Exercise inputs »
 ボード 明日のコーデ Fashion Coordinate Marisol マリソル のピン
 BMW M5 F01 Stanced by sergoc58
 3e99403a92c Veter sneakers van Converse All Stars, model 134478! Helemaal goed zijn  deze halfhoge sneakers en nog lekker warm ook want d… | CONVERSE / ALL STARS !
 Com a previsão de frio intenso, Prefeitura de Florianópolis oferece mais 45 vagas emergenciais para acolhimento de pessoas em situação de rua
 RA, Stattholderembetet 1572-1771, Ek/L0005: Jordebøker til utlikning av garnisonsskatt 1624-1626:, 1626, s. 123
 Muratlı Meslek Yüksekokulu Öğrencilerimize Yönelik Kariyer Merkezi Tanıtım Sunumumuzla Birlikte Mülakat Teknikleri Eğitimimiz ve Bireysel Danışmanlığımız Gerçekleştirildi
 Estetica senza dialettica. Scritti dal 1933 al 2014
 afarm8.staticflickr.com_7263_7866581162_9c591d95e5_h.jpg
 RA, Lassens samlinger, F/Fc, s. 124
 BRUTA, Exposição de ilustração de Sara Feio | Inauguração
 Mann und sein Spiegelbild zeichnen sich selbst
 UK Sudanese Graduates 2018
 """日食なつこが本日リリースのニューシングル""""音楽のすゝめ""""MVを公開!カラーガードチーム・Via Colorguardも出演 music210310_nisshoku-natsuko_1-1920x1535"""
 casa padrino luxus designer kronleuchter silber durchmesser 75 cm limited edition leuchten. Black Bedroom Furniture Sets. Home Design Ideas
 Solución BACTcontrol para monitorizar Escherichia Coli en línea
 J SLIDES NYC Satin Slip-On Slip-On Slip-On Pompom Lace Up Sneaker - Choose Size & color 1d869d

Exercise aim » How many lines in the entries include "para"? Only the number is wanted.

Answer to the problem » 2